Lynsey Sharp – a native Hoosier – graduated from Butler University with a double major in History and Anthropology, along with a minor in Spanish. During her undergraduate career, she traveled to Cuba, Guatemala, Mexico, Nicaragua, and Panama on various study abroad programs. Lynsey wrote her undergraduate honors thesis on the Cuban Revolution of 1953-1959, centering on discourses of violence surrounding the Sierra Maestra Campaign. Since graduation, she has worked at HistoryIt – a company that digitizes historical archives – as well as at the Carmel Clay Public Library. Lynsey will be learning K’iche’ as she works towards her MA in Latin American Studies at Vanderbilt, and she hopes to focus her academic explorations on revolutions that have occurred throughout Latin American history.
Cory Weaver is a native of Birmingham, AL. He graduated from the University of Alabama in 2013 with a major in Spanish and a minor in International Studies. He spent five months studying at the University of Havana, researching how the U.S. embargo against Cuba affects international diplomacy on the island. During his undergraduate career, he also worked as an ESL tutor and translator for the public school system in Tuscaloosa, AL. After graduation Cory moved to Buenos Aires.
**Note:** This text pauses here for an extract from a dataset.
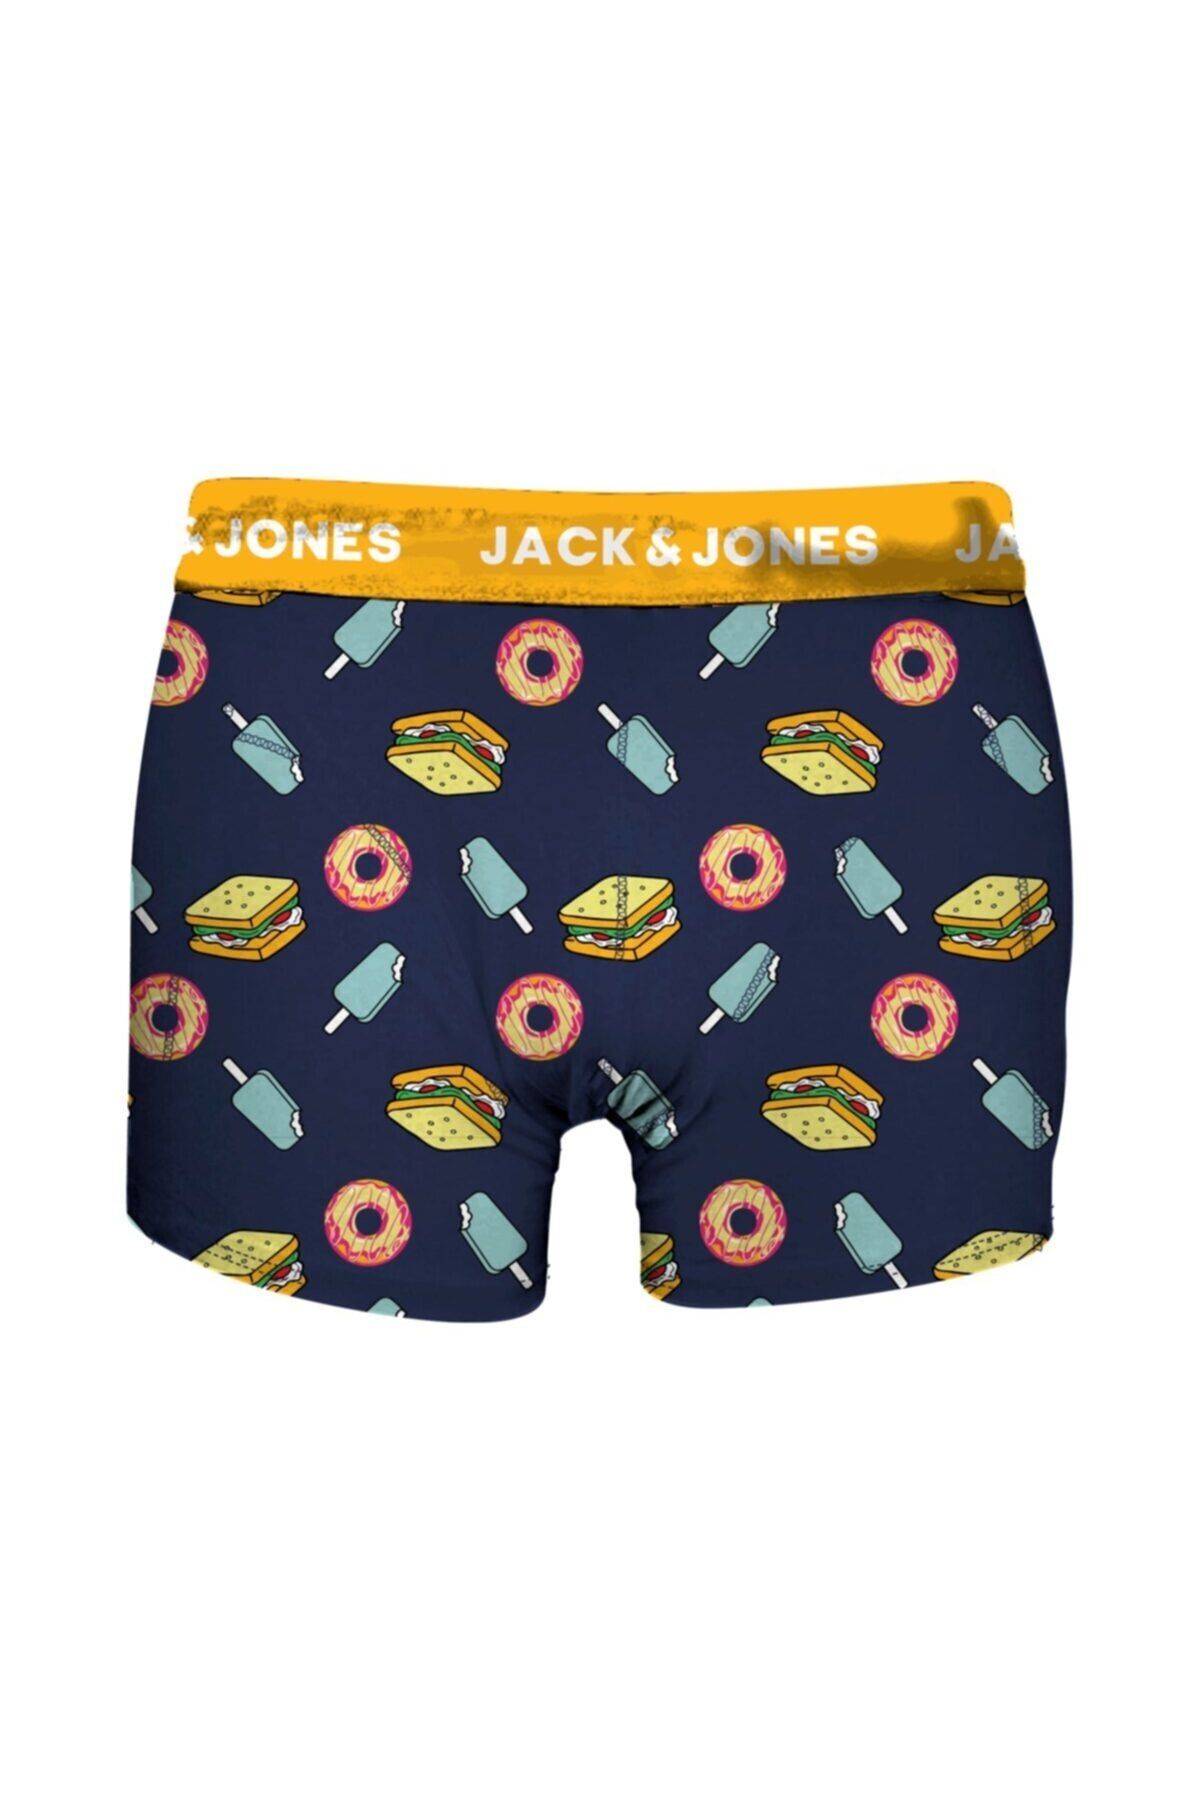 Jack & Jones Jacfast Trunks Try

During his two years in Argentina, he collaborated with various NGOs, focusing on sustainable development projects in Buenos Aires’ most impoverished neighborhoods. He also worked with an Argentine corporate mobility company, helping clients in a number of major South American cities. At Vanderbilt Cory hopes to study K’iche’ and improve his Portuguese. His research will focus on Latin American history and politics, with an emphasis on the Caribbean and Southern Cone regions.